“In good time,” he said, sitting down across from me. “Captain Varod asked me to send his regards. And to convey the message that he knee you were lying when you promised to give up a life of crime.”
“So he had me watched?”
“You’re catching on. After this last criminal assignment for us you will become an honest man. Or else.”
“Who are you to talk!” I sneered and drained the glass. “A crooked shyster who is theoretically paid to uphold the law. Yet you stand by and let the thugs here on Paskonjak pass legislation to have trials after an execution-then you employ a criminal to commit a criminal act. Not what I would call sincerely law-abiding.”

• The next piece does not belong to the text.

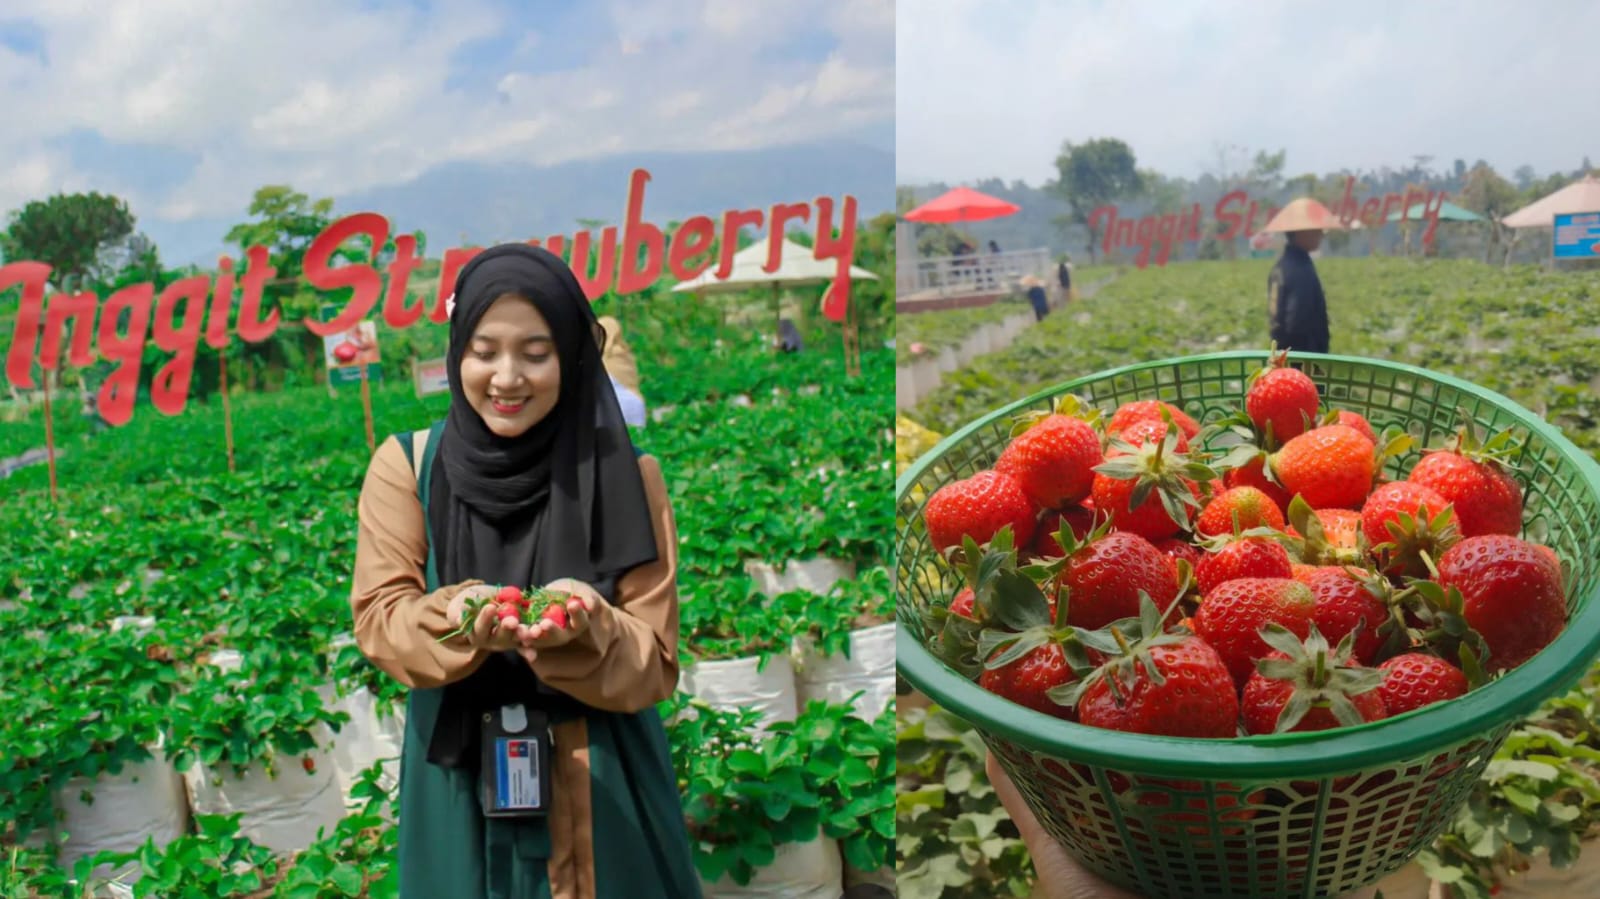 Kebun Inggit Strawberry, Sensasi Wisata Petik Strawberry dengan Pemandangan Indah Dataran Tinggi Magelang

“First,” he said, lifting a finger in a very legalistic way, “we have never condoned the secret law in the Mint. It was only recently produced by the overly-paranoid management here. Yours was the first arrest-and will be the last. There have been numerous job replacements already. Secondly,” another finger rose to join the first, “the League has never condoned violence or criminal acts. This is the first occurrence and has been produced by an .unusual series of circumstances. After great deliberation the decision was made to do it just this one time. And never again.”
“Millions might believe that,” I sneered disbelievingly. “Isn’t it time you told me what the job is?”
“No-because I don’t know myself. My vote was cast against this entire operation so I have been included out. Professor Van Diver will brief you.”
“But what about the thirty-day poison?”
“You will be contacted on the twenty-ninth day.” He stood up and went to the door. “It is against my principles to wish you good luck.”
This was his puritanical pontificatory exit line. Because as he went out an elderly type with a white beard and a monocle entered.
“Professor Van Diver I presume?”
“Indeed,” he said extending a damp, limp hand for me to shake. “You must be the volunteer with the nom de guerre of Jim about whose presence I was informed, who would await me here. It was very good of you to undertake what can only be called a rather diligent and difficult assignment.”
“Rather,” I intoned, falling into his academic mode of speech. “Is there any remote possibility that I might be informed of the nature of this assignment?”
“Of course. I have the requisite authority to provide augmentive information to you concerning the history and tragic circumstance of the loss. Another individual, who shall be nameless, will supply the assistance that you will require. I shall begin with the circumstances that occurred a little over twenty years ago . . .”
“A beer. I must have refreshment. Will you join me?”
“I abstain from all alcoholic and caffeine-containing beverages.” He glared at me glassily through his menacing monocle as I refilled my mug. I sipped and sat and waved him into action. His voice washed over me in turgid waves and soon had me half-asleep-but the content of his talk woke me up fast enough. He went on far too long, with far too many digressions, but despite this it was fascinating stuff to listen to.
A stripped-down version wouldn’t have been half as much fun for him and would have taken only a few minutes to tell. Simply, Galaksia Universitato had sent an expedition to a reported archeological site on a distant world-where they had uncovered an artifact of non-human origin.
“You must be kidding,” I said. “Mankind has explored a great part of the galaxy in the last thirty-two thousand years and no trace of an alien race has ever been found.”
He sniffed loudly. “I do not `kid’ as you say in your simple demotic. I have pictorial proof here, photographs sent back by the expedition. The artifact was uncovered in a stratum at least a million years old and resembles nothing in any data base existent in the known universe.”
He took a print from his inner pocket and passed it over to me. I took it and looked at it, then turned it around since there was no indication of which was top or bottom. A twisted hunk of incongruous angles and forms resembling nothing I had ever seen before.